I'm so sorry for your loss and wish you and your other half all the best for the future. Thank you for sharing your experiences. kayla and dan x


----------



## lovewithin

oh cutebowsxx, so sorry about your loss :hugs: 
i think the whole news hasn't reached you yet... maybe as you say it will settle down after your definite scan on thursday.

regarding the options - i had to have a d&c as my mc was an incomplete one and i was risking an infection :( the good thing about d&c is that it is painless as it's done in total anesthesia and it's highly unlikely that any remaining tissues stay there, so no need to repeat the procedure as it can sometimes occur with the medical management.
on the other hand - it's a total anesthesia and being put to sleep can be scary... although for me the worst part was waking up from it.. because the 1st thought/awareness that hit my brain was "where is my baby" and i started crying.. but hospital staff was really kind and supportive..

...the bad part about d&c is that you should wait at least 2-3 cycles before ttc, although these opinions vary from dr to dr... but usually they all say to wait a bit until the endometrium grows back to being what it was before...
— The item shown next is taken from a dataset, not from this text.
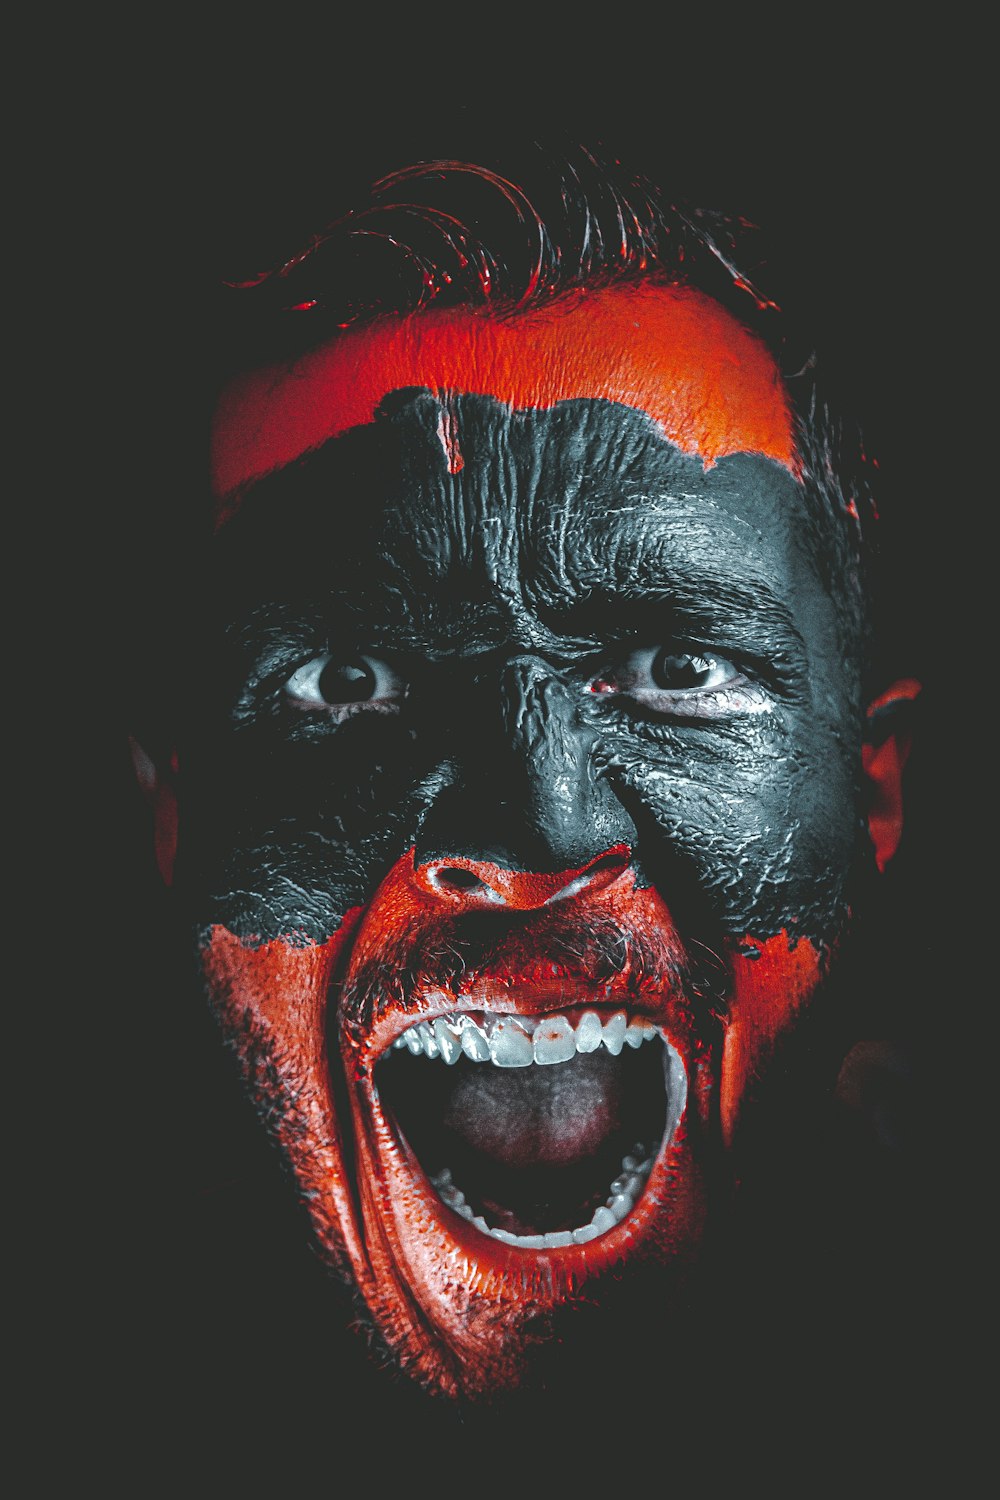 Person with red and black face paint photo – Free Tehran Image on Unsplash
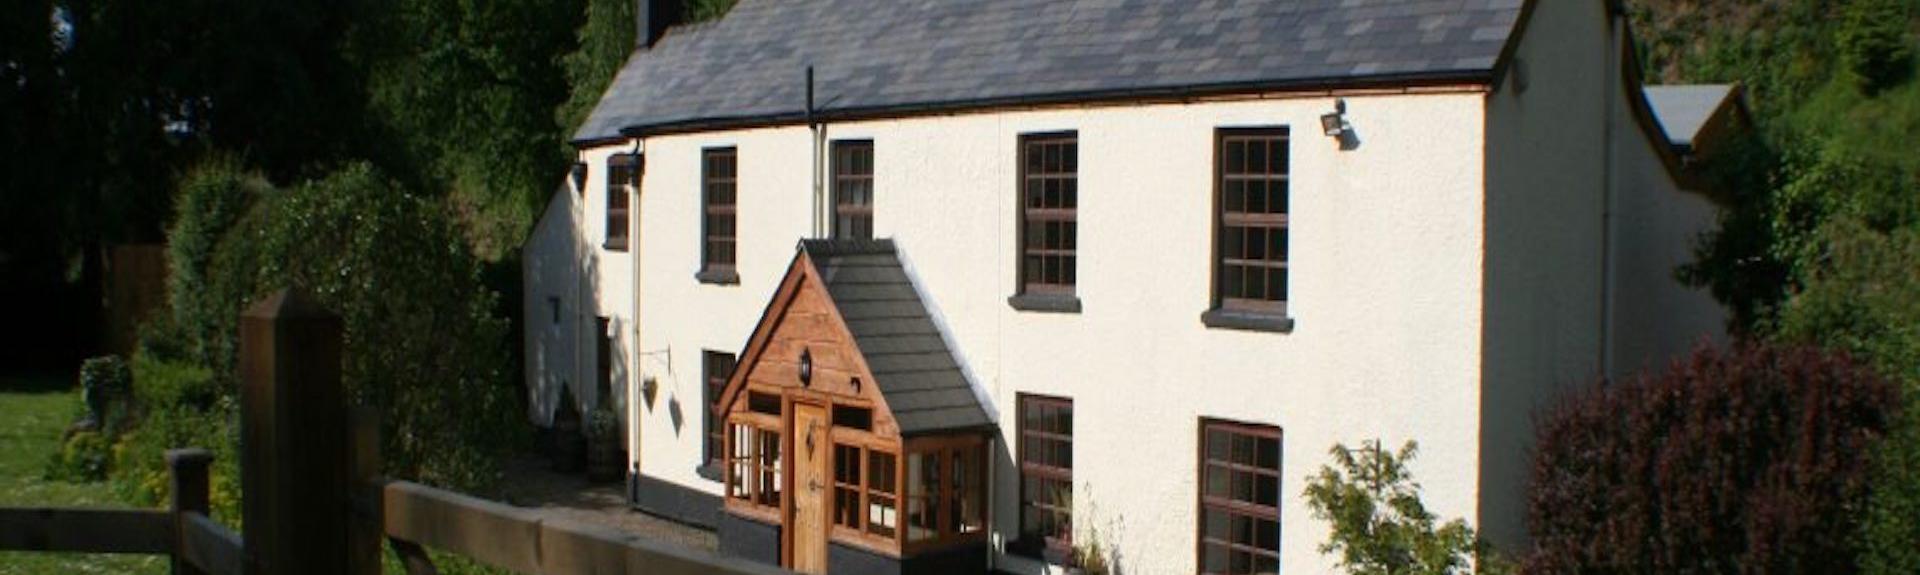 The Anchor - a large holiday cottage in the Wye Valley

bleeding after d&c is of course less then with a natural mc, lasts for 4-5 days and is also less then a period. i had pains from the wound inside, which are not like a standard period pains... more as if i had a huge bruise inside...

hope this was helpful..

love and hugs to you again :hugs:


----------



## Starry Night

I'm so sorry you didn't get good news. I lost both my babies naturally and never had a D&C (the second time there was a surviving twin so it would have been impossible) so I can't really give advice on what to choose. At least the staff at the hospital were kinder to you than the others. A kind word and face eases the shock a bit.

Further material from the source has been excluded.